Publication Date

Fall 2012

Degree Type

Thesis

Degree Name

Master of Science (MS)

Department

Biological Sciences

Advisor

Leslee Parr

Keywords

Dungeness crab, larval dispersal, microsatellites, mitochondrial DNA

Subject Areas

Biology

Abstract

Genetic variation was assessed using mitochondrial DNA and microsatellite markers from Dungeness crab between Iceberg Bay, British Columbia and San Luis Obispo, California. We found little pattern in overall genetic variation between sites in both marker types, and no significant Isolation by Distance model was fit. Site-specific variation in mitochondrial DNA haplotype frequencies suggested the existence of three subpopulations associated with the Alaska Current, the Puget Sound, and the California Current, but microsatellite DNA evidence did not support it. The ratio between sampling size for microsatellite markers and fragment size polymorphisms was low, limiting the resolving power of microsatellite DNA for neutral variation.

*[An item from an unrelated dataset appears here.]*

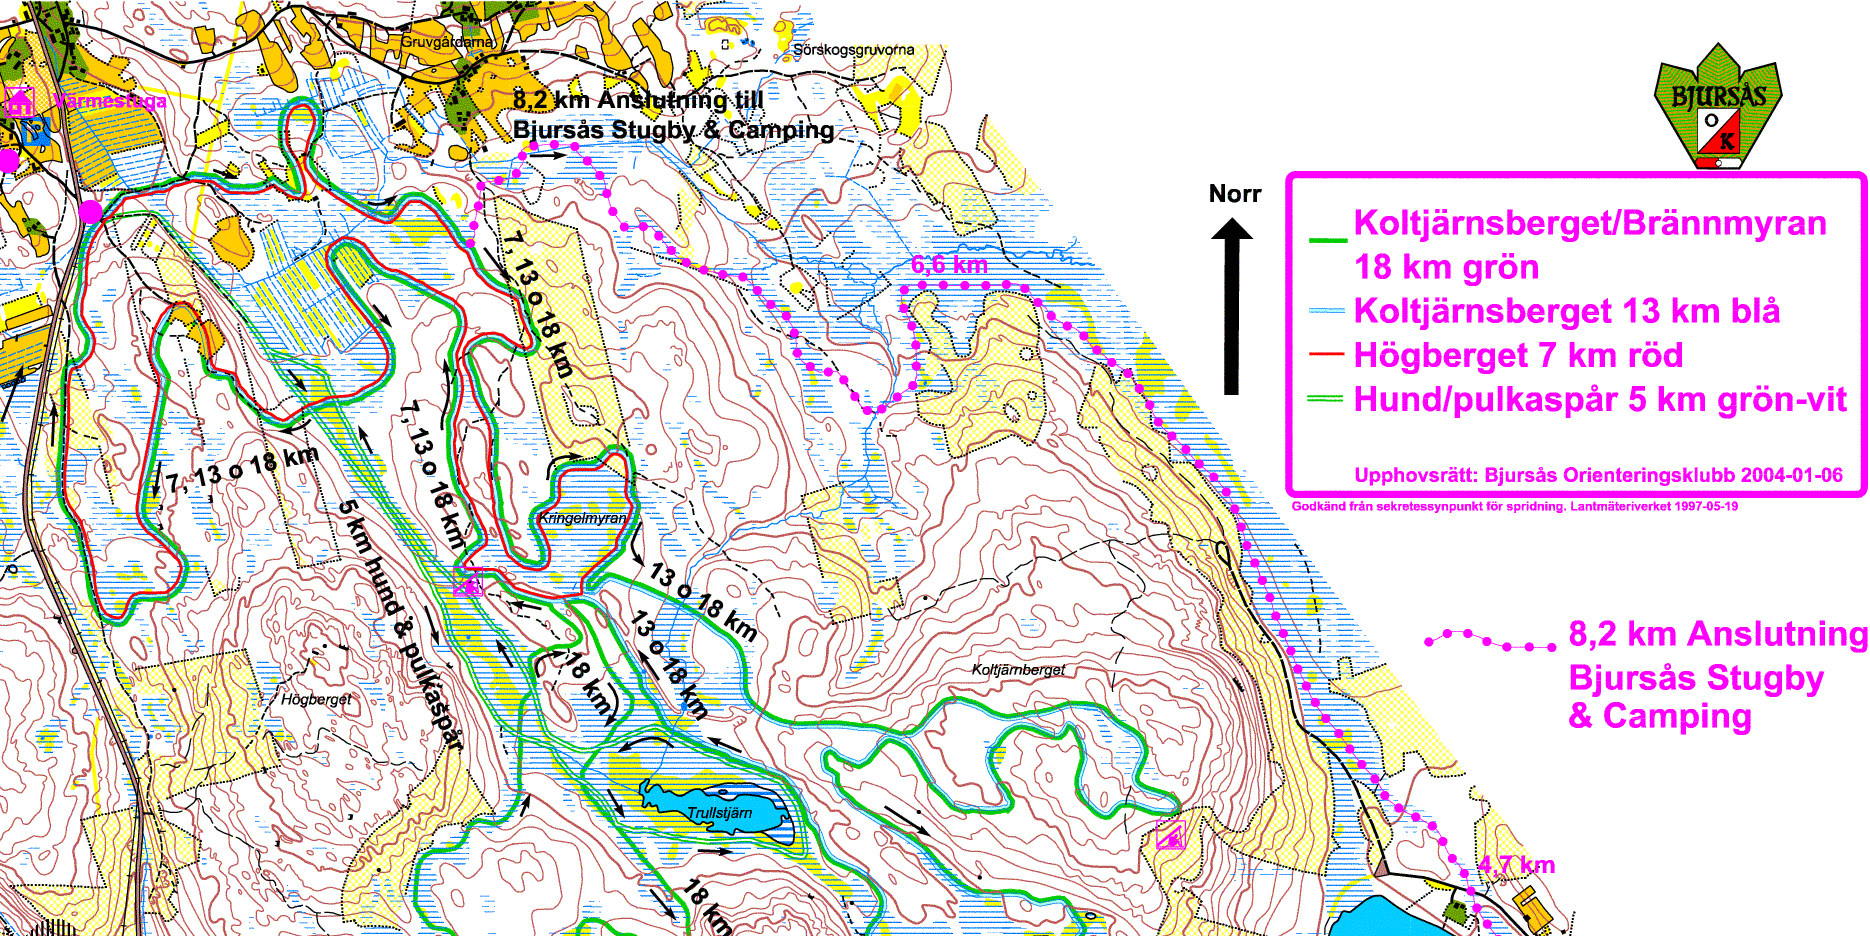 Spårkarta, Bjursås Stugby & Camping, anslutning till Sörskog, del 3

Average pairwise Fst values for Iceberg Bay, British Columbia against all other populations was 0.156, as compared to the average pairwise Fst of 0.028 across all populations. In the southern region of the Puget Sound, Nisqually, Washington had a lower pairwise Fst of 0.044 but contained a large number of site-specific, unique mtDNA haplotypes. Additionally, we found 41 mtDNA haplotypes in 445 samples taken, with 23 of those haplotypes as "singletons," suggesting that Dungeness crab went through a recent, post-bottleneck population expansion, likely associated with the most recent glacial relaxation.